On the left-hand side of Figure 3 we find the multiple institutional actors involved in the multi-level aspects of governance used to formulate and carry out the cohesion policies. In Italy where sub-national regional governmental actors have official responsibilities in economic development, vocational education, transport, agriculture, tourism, and other socio-economic sectors, the sub-national level actively participates in the formulation of its own operational programs for Objective 1. The negotiations are carried out through formal meetings, seminars, roundtables and other types of encounters designed to achieve agreement between the national and regional levels on the planning and financial commitments that provide the legal basis in carrying out the cohesion policy in Objective 1 areas.

Another aspect of the planning system created by the cohesion policy that is reflected in Figure 3 is the conceptual separation of the phase of decision-making from implementation.[3] The decision-making phase begins with the formulation of the development programmes for the Objective 1 region, but before policies can be formulated an analysis needs to take place of the socio-economic context[4] based on consultations with representatives of civil society and organized interests to identify the strengths and weakness of the territory and the priorities that need to underpin the future development programme. Such an evaluation was never carried out in an explicit manner to feed into the policy formulation process before 1989. Studies were instead carried out to document the level of need and formulate possible solutions to the South’s socio-economic problems, but the actual policies that were implemented were not explicitly tied to the analysis of socio-economic conditions as is the case now.

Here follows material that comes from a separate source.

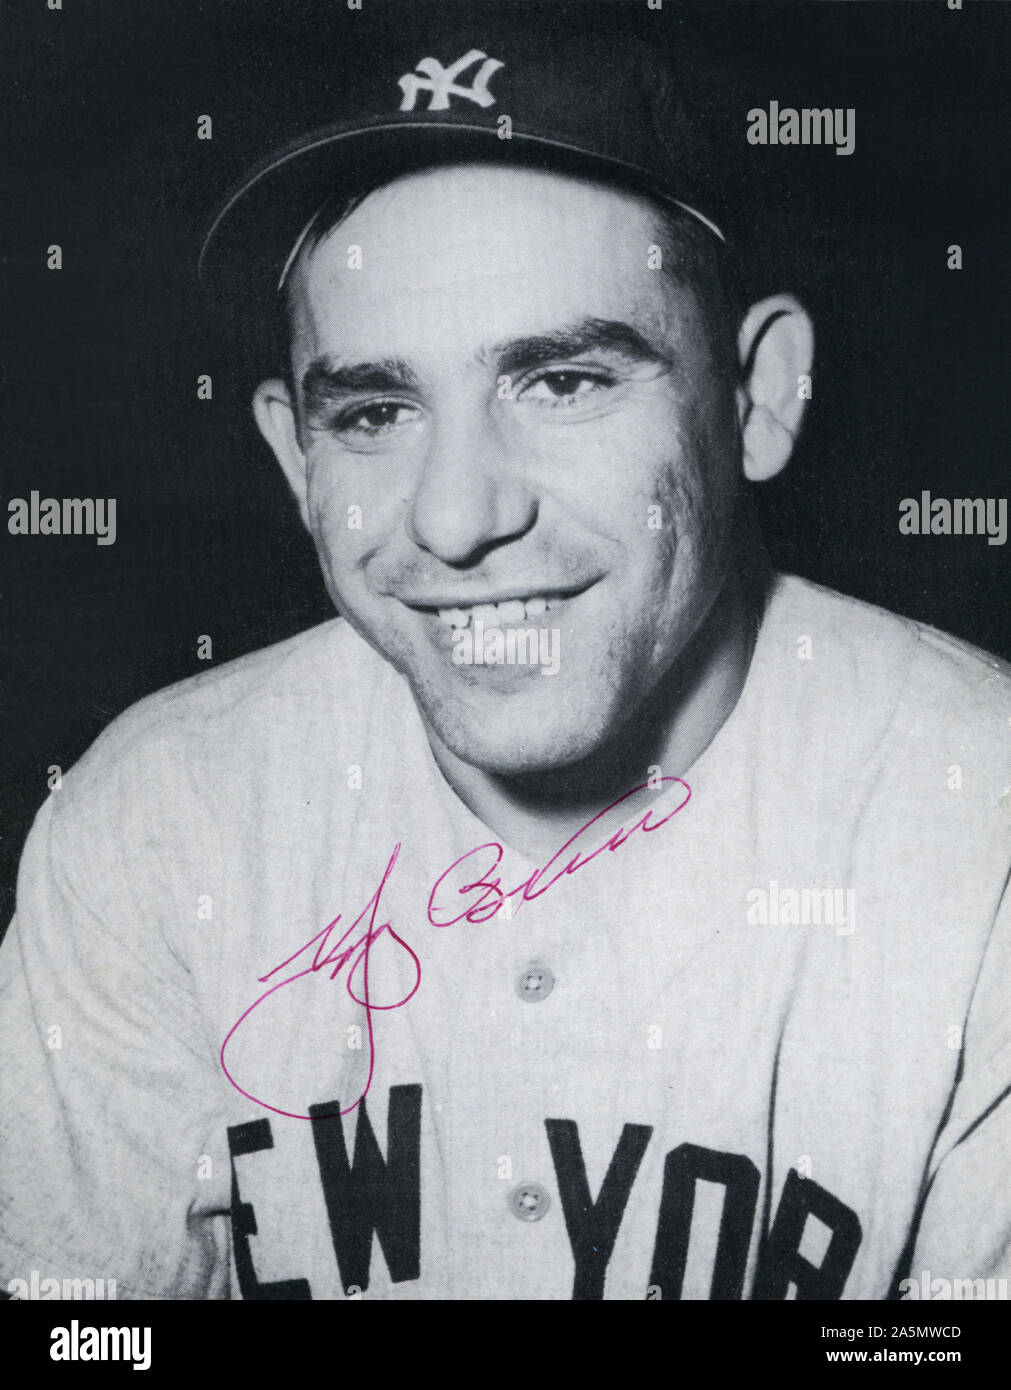 Autographiée vintage photo en noir et blanc de New Yankee Hall of Fame joueur de baseball Yogi Berra. Banque D'Images

In Italy the national government continues to be responsible for the formulation of the initial development plan that is then transformed into the Community Support Framework in negotiations with DG Regio. Regional governments are subsequently responsible for the formulation of their individual operational programmes (ROPs). The ROPs are subsequently finalized into complementary planning documents that have attempted during the third CSF cycle to define into stricter terms the actual nature of the “measures” and “actions” that will be used to operationalise the programme objectives.